Per questo, l’Iran da tempo sta lavorando alla creazione di nuove forze paramilitari, totalmente fedeli a Teheran, che ricalchino lo stile dei Pasdaran e di Hezbollah. Soprattutto, e’ centrale per gli iraniani riuscire a creare le nuove Guardie Rivoluzionarie in Iraq, nell’area a maggioranza sciita, ovvero nell’unica area (pianeggiante) in cui geopoliticamente l’Iran può allargare il suo potere. Il resto dell’Iran, infatti, e’ circondato da montagne: un dato che permette alla Repubblica Islamica di potersi difendere facilmente da invasioni di terra, ma anche un limite per le espansioni verso l’esterno.

Parlano gli iraniani

I progetti del regime iraniano non sono neanche troppo un mistero. Basta leggere le dichiarazioni di importanti rappresentanti di Teheran, le agenzie di stampa iraniane e qualche analisi che non sia asservita al buonismo del mainstream. Ecco allora che escono fuori le parole di Mohsen Rafighdoost, potente fondantore dei Pasdaran ed ex boss della Fondazione degli Oppressi. Parlando al club dei giornalisti il 7 giugno scorso, Rafighdoost ha dichiarato che “delle forze d’elite’ possono difendere l’Iraq dalle tensioni e l’instabilità”. Per questo, come modello da imitare, Rafighdoost ha indicato proprio le Guardie Rivoluzionarie iraniane. 

Per la cronaca, Teheran sta già da tempo lavorando con i fatti ai suoi progetti. Recentemente un clerico iraniano ha dichiarato che e’ intenzione dell’Iran costruire delle basi militari in Iraq, non lontane dai confini con l’Arabia Saudita. A queste dichiarazioni, si sono aggiunte quelle del Generale Ali Fadavi, potente capo della Marina iraniana. Fadavi ha rivelato che, ormai da mesi, l’Iran sta addestrando delle truppe di volontari nelle isole Faror, territori occupati dall’Iran e contesi con gli Emirati Arabi Uniti. Tra le altre cose, anche Mahdi Taeb, responsabile della Base Strategica di Ammar (un think tank per combattere la cosiddetta “soft war”), ha dichiarato che l’Iran e’ pronto a ricreare i Pasdaran in Iraq (Asharq al Awsat).

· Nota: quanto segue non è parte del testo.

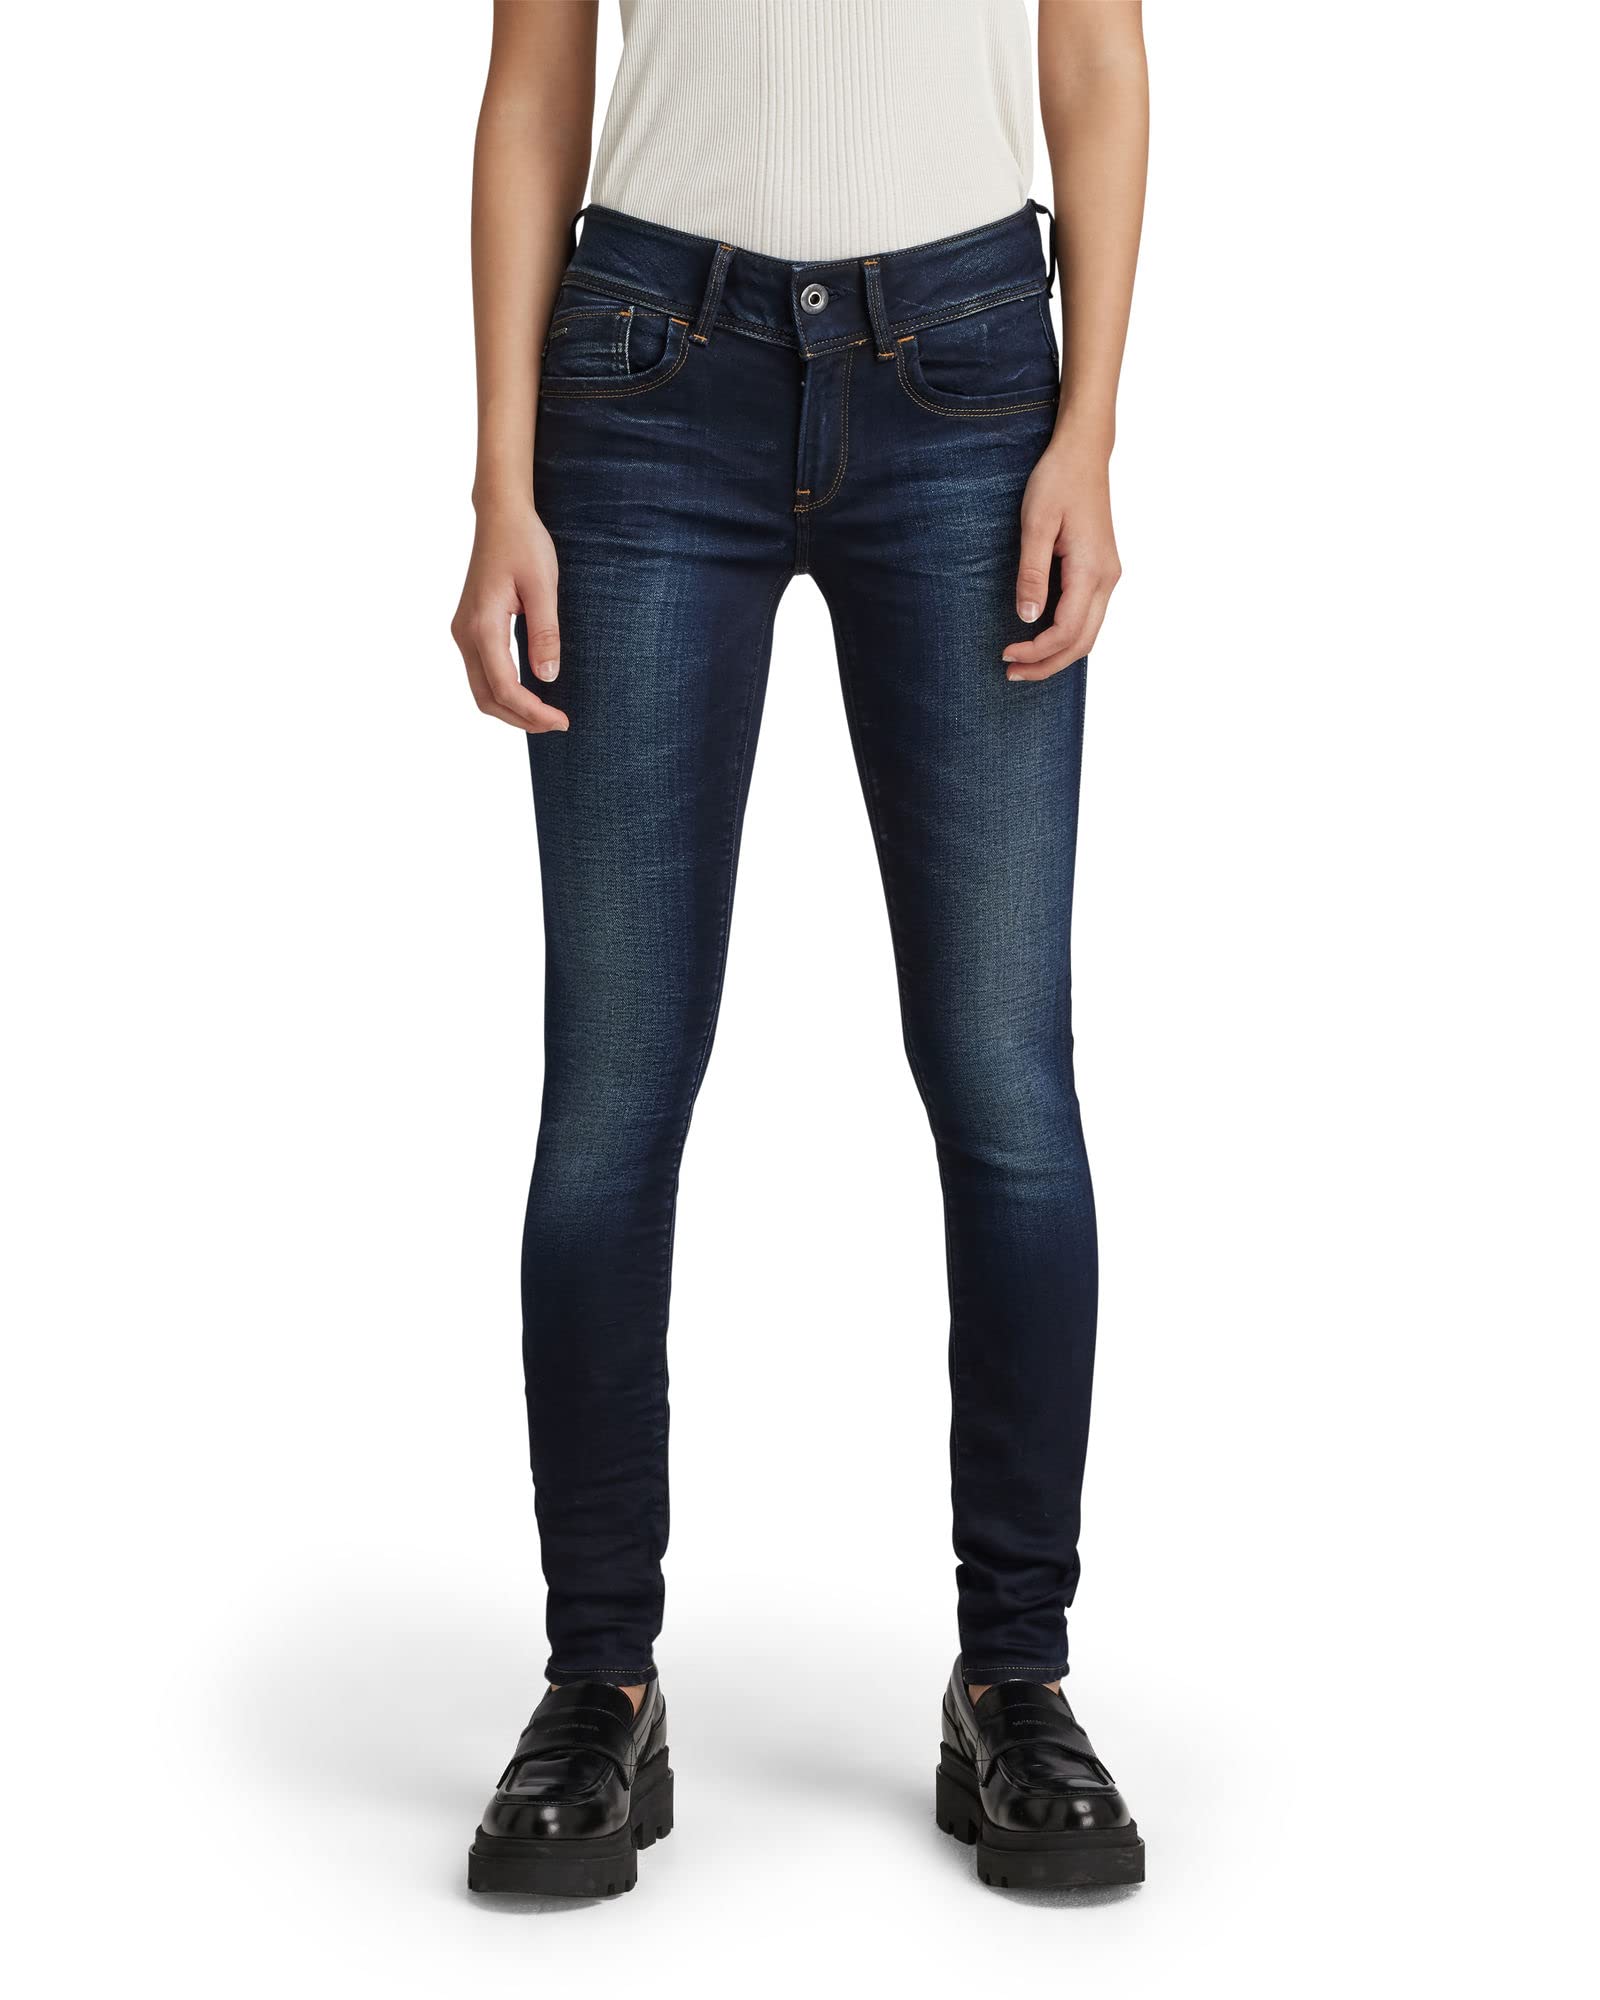 G-STAR RAW Damen Lynn Mid Waist Skinny Jeans, Blau (medium aged 60885-6131-071), 33W / 30L

Non e’ un caso che, dopo le dichiarazioni iraniane, l’Arabia Saudita ha deciso di nominare un nuovo attache’ militare proprio in Iraq. Annuncio dato dopo l’incontro tra l’Ambasciatore saudita a Baghdad Thamer Al-Sabhan e il Ministro della Difesa iracheno Khaled Al-Obaidi (Middle East Monitor). Khaled al-Obaidi e’ praticamente il solo sunnita che occupa una carica di rilievo nella sicurezza a Baghdad. La sua nomina, ha permesso agli sciiti filo-iraniani dell’Organizzazione Badr, di prendere il controllo del Ministero dell’Interno iracheno con Mohammed al-Ghabban (al-Jazeera).

Parlano i numeri

Secondo le stime degli esperti, ci sarebbero già almeno 30000/40000 membri delle sciite fedeli all’Iran in Siria e circa 100000 in Iraq.Senza dimenticare, pero’, le dichiarazioni del capo dei Pasdaran Ali Jafari. Jafari, senza girarci intorno, ha detto di avere già pronti almeno 200000 giovani addestrati alle armi, in cinque diversi Paesi.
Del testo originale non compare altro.